The modern world is built around hopeful visions of how things that had previously seemed separate (money and creative fulfilment; love and marriage) could be united. These are generous ideas, democratic in spirit, filled with optimism about what we can achieve and rightfully intolerant of ancient forms of suffering. But in the way we have tried to act upon them, they have also been catastrophes. They constantly let us down. They breed impatience and feelings of paranoia and persecution. They generate powerful new ways of being frustrated.
We judge our lives by ambitious new standards by which we are continually made to feel we have fallen short. It’s an added complication that, although we have set ourselves such impressive goals, we have tended to tell ourselves that the way to attain them is not essentially difficult. It is simply a case, we assume, of following our instincts. We’ll find the right relationship (which unites passion with day-to-day practical stability) and a good career (which unites the practical goal of earning an income with a sense of inner fulfilment) by following our feelings. We trust that we’ll simply develop a special kind of emotional rush in the presence of the right person or will, once we’ve finished university, sense a reliable pull towards a career that is right for us.
We put a decisive share of our trust in the phenomenon of gut instinct. A symptom of our devotion to instinct is that we don’t readily recognise much need for training and education around getting into a relationship or in the search for a career. We take it for granted, for instance, that children will need many hundreds of hours of carefully considered instruction if they are to become competent at maths or learn a foreign language. We understand that instinct and luck can’t ever lead to good results in chemistry – and that it would be cruel to suppose otherwise. But we’d think it odd if the school curriculum included an almost daily strand over many years of classes on how to make a relationship work or how to find a job that accorded with one’s talents and interests.

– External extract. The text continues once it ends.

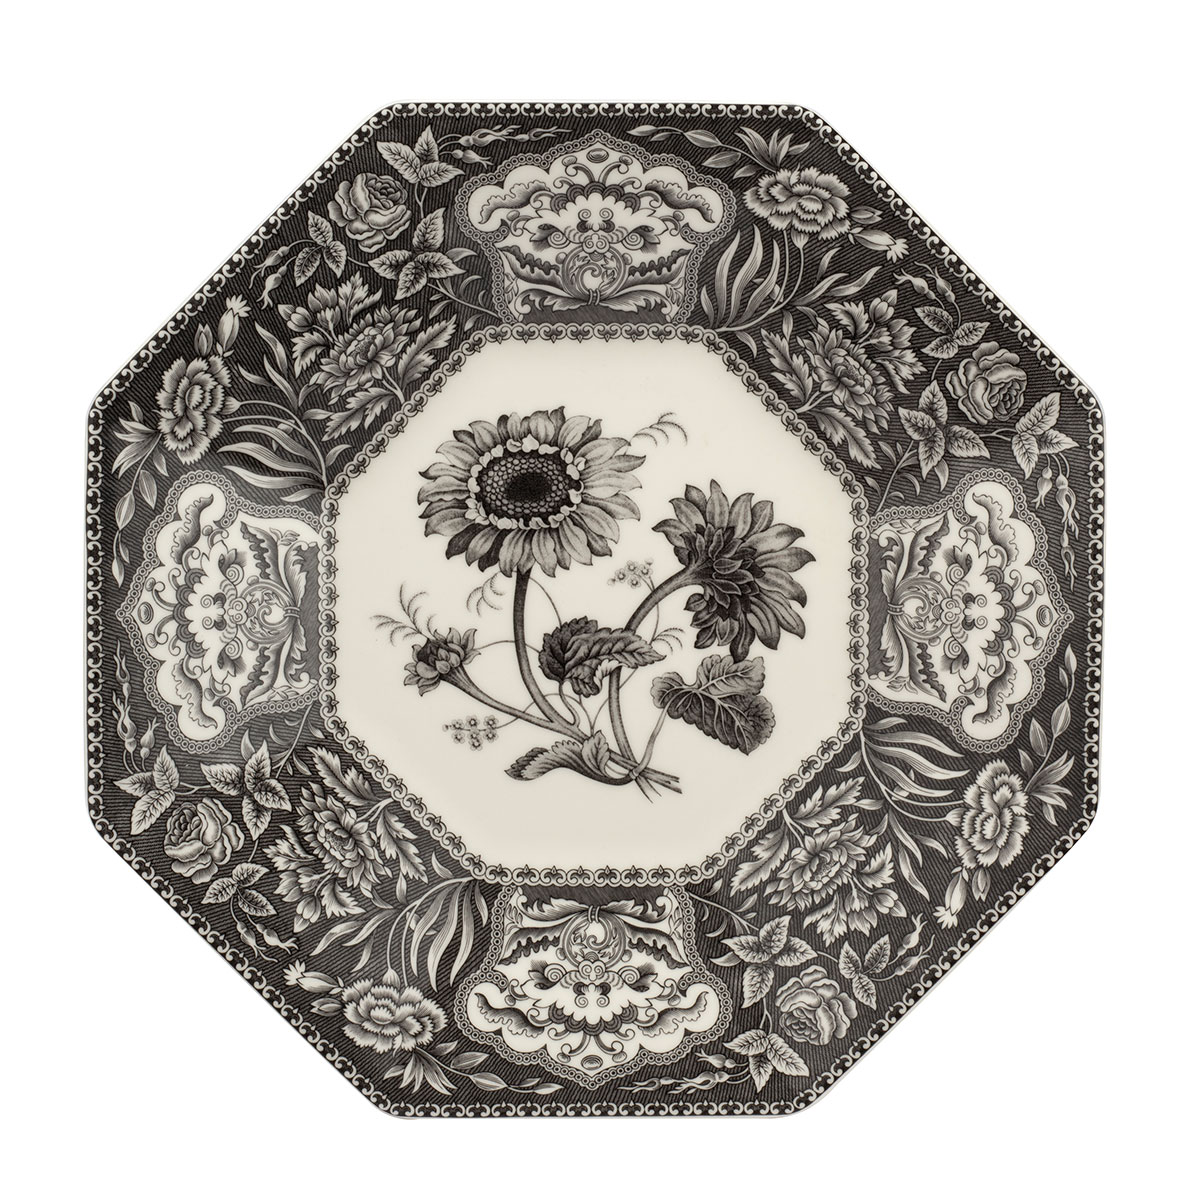 Spode Heritage Octagonal Platter, Floral

We may recognise that these decisions are hugely important and consequential, yet by a strange quirk of intellectual history we’ve come to suppose that they can’t be taught or educated for. They really matter, but we seem to believe that the right answer will simply float into our brains when the moment is ripe. The aim of The School of Life is to correct such unwittingly cruel assumptions, and to equip us with ideas with which to better accomplish the admirable (but in truth highly difficult) ambitions that we harbour around our emotional and working lives.